- Task objective
From the material below, copy each line that holds the word "Photography".

- Provided data

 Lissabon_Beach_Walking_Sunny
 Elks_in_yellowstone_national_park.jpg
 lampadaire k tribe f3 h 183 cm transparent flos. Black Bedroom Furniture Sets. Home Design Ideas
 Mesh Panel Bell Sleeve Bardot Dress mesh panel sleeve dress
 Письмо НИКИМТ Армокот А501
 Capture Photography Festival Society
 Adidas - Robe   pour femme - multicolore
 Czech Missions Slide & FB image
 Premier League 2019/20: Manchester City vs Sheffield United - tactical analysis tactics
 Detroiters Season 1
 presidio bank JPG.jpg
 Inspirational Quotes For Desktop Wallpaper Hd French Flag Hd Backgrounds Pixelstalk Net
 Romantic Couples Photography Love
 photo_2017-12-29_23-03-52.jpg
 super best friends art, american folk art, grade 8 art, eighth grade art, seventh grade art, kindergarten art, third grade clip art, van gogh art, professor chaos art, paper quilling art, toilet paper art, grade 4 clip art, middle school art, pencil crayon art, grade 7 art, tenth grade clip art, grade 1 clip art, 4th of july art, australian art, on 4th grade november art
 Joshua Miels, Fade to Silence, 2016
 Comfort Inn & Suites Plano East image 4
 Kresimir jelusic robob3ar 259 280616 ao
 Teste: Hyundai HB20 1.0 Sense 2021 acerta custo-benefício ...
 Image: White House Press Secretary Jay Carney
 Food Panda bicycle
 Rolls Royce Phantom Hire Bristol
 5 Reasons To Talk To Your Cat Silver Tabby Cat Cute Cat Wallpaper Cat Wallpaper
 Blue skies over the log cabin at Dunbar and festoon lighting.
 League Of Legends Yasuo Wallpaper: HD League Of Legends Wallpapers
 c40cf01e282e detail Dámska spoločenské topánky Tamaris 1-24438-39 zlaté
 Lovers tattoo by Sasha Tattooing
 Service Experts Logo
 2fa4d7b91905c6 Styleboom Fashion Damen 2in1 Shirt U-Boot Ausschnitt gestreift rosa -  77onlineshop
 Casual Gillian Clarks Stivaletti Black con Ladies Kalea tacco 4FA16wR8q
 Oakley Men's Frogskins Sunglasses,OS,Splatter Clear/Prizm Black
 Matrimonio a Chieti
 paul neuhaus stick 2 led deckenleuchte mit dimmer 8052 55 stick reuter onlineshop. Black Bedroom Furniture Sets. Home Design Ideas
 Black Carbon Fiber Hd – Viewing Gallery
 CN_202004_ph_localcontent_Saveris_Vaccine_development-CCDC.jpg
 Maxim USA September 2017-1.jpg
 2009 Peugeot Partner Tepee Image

- Task response
 Capture Photography Festival Society
 Romantic Couples Photography Love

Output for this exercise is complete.